Excerpted records:
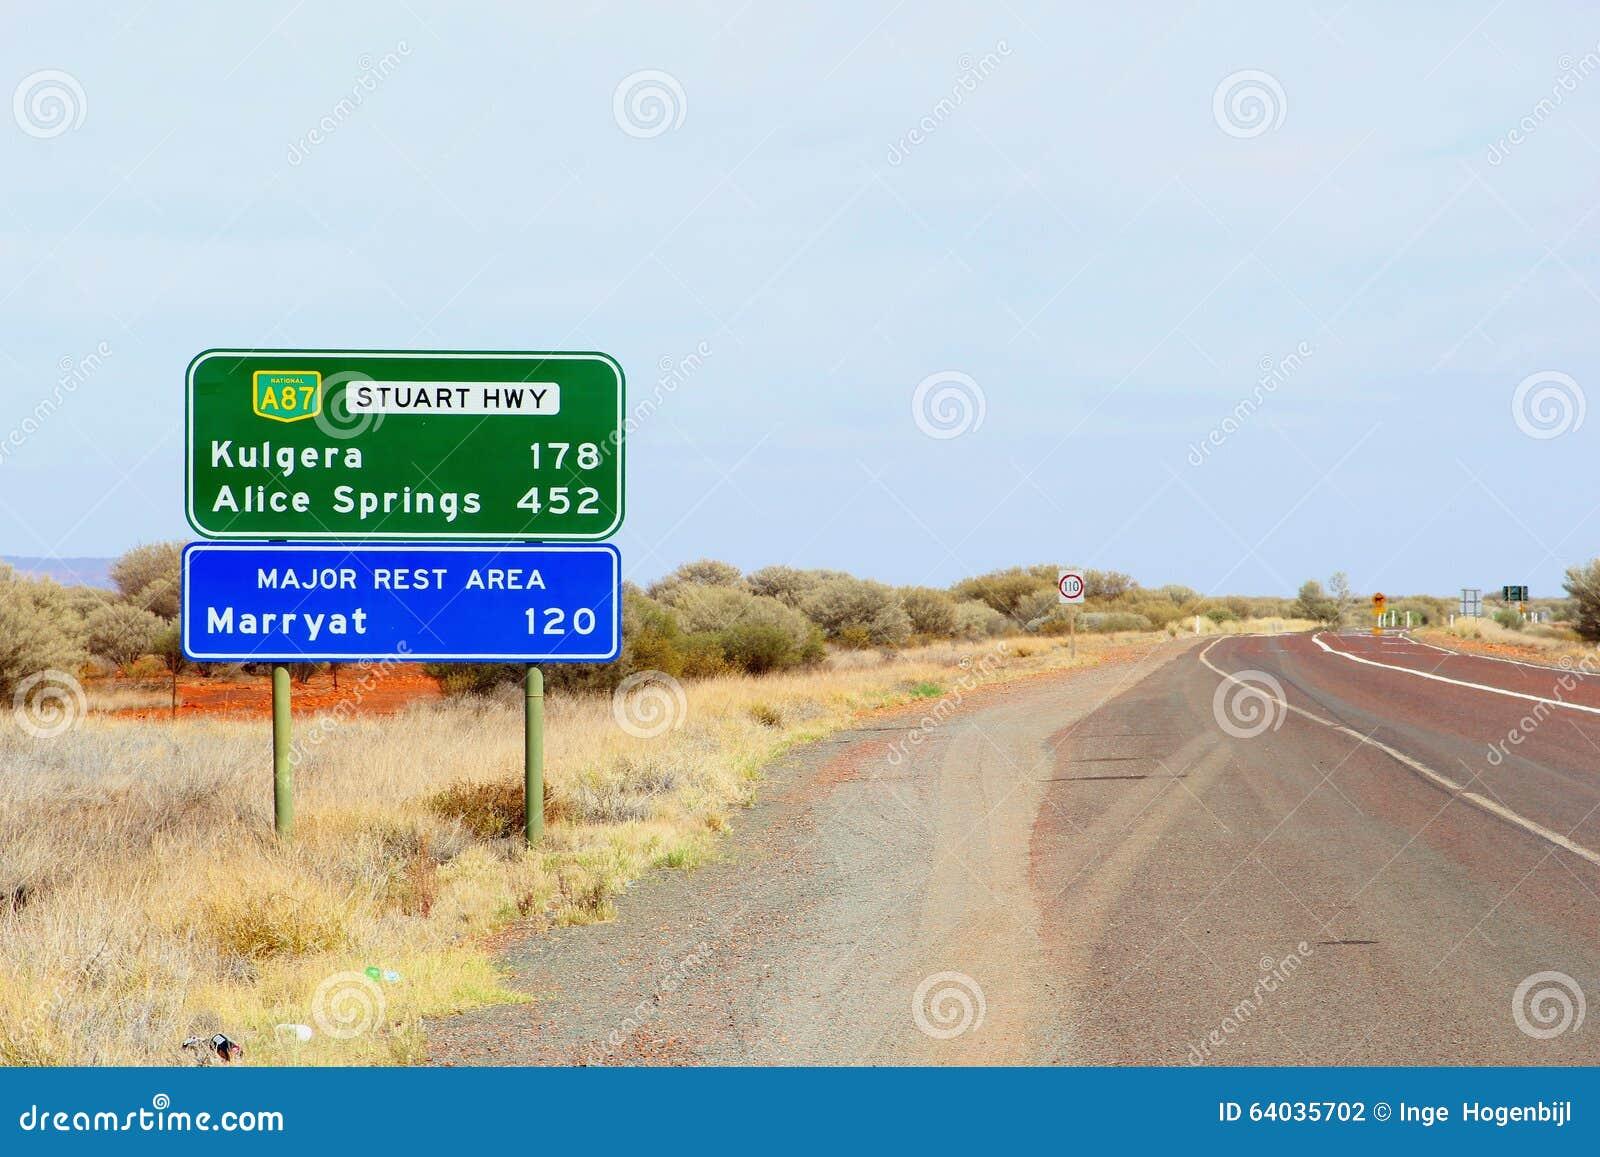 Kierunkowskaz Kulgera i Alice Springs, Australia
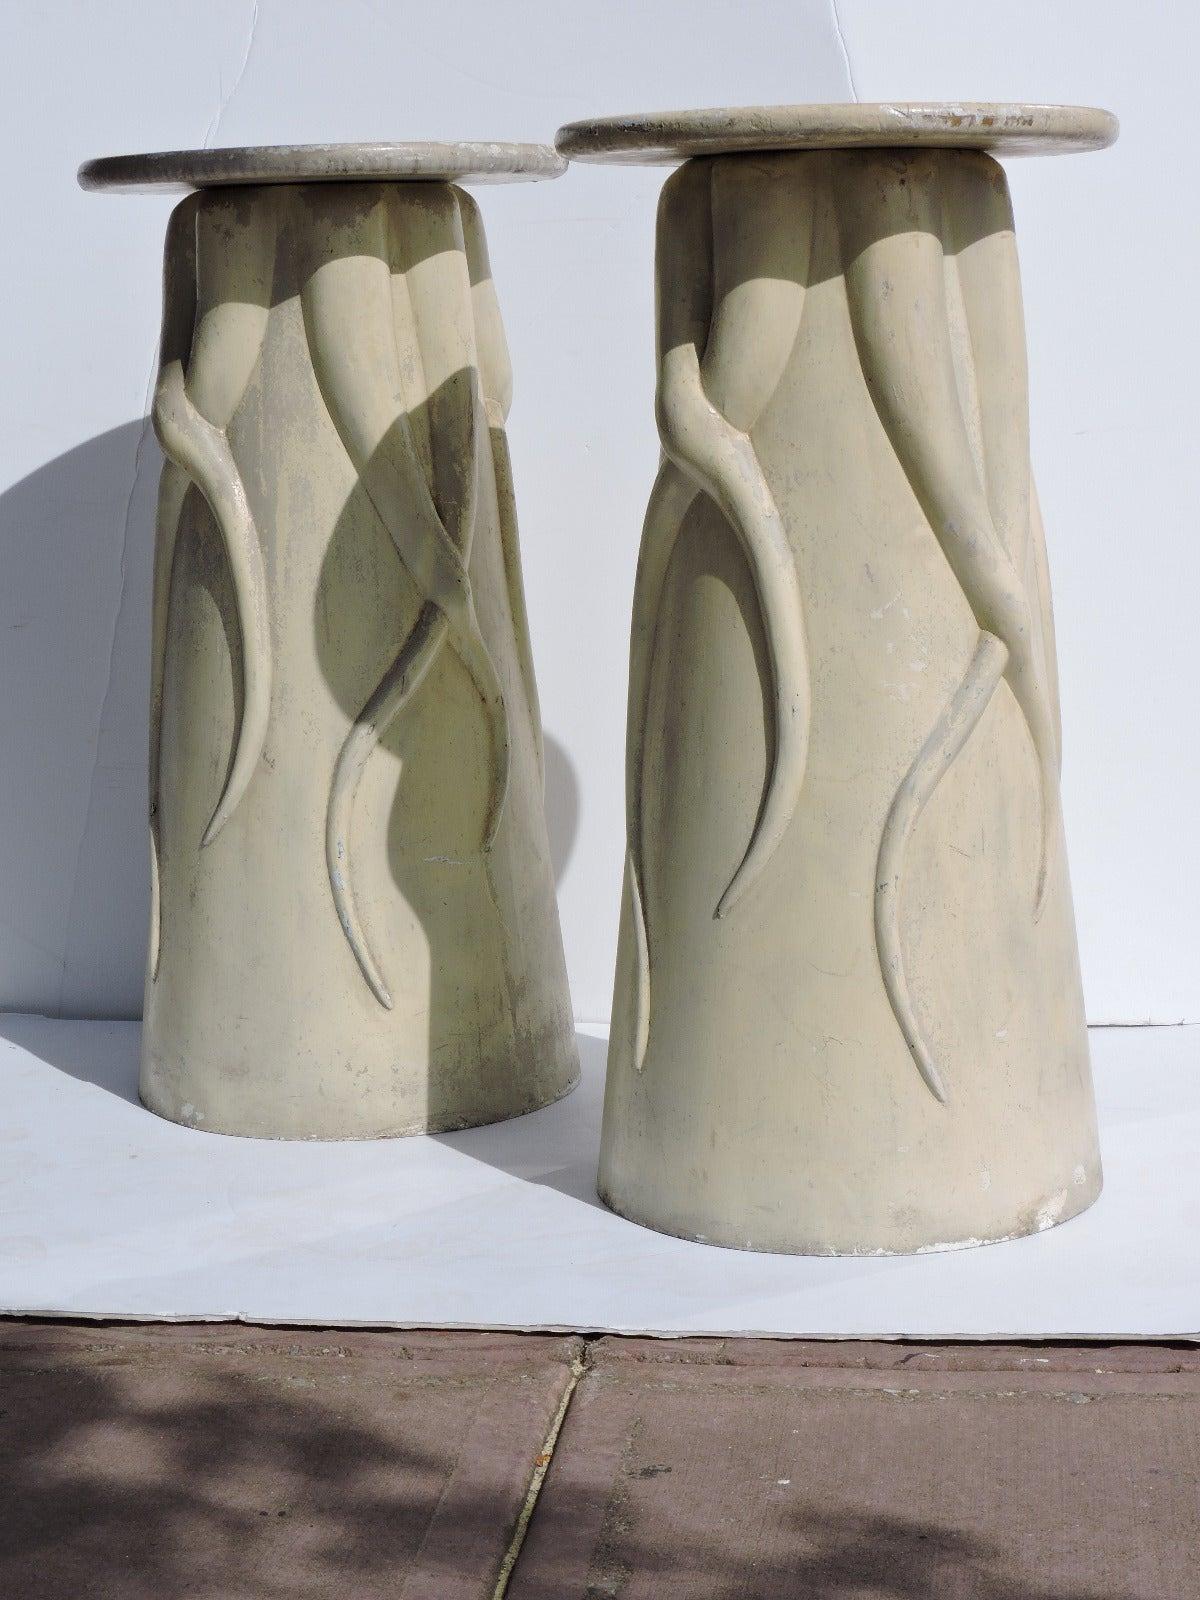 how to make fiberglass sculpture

--

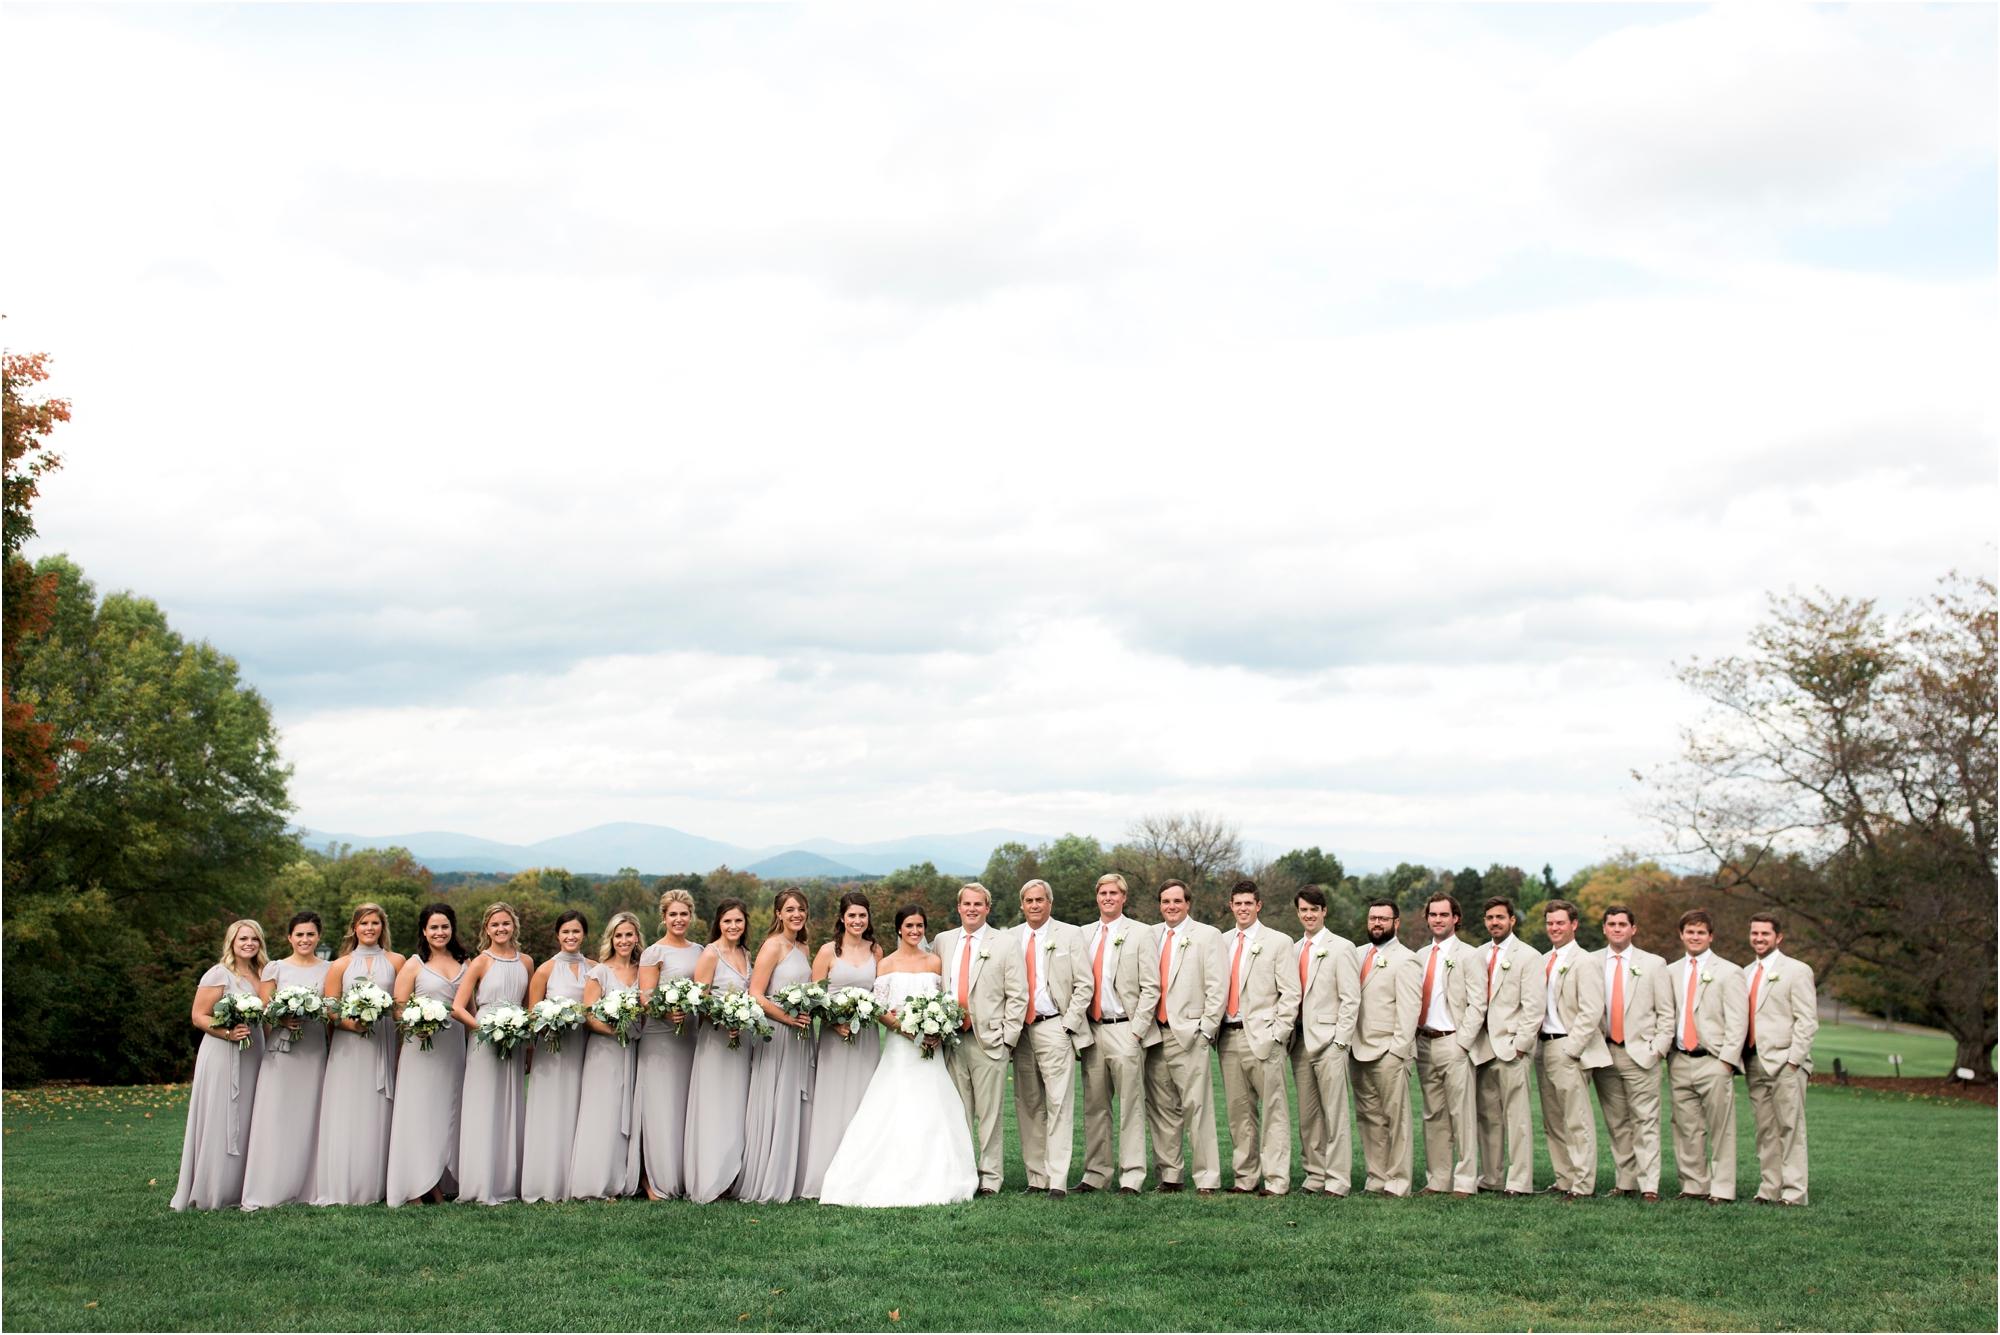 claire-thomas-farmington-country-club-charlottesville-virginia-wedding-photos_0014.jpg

Instructions to follow:
Once the line with "Kierunkowskaz Kulgera i" has been found above, output that line and every later line exactly, stopping after the line with "how to make fiberglass sculpture", and omit the pictures.

Completed task:
 Kierunkowskaz Kulgera i Alice Springs, Australia
 how to make fiberglass sculpture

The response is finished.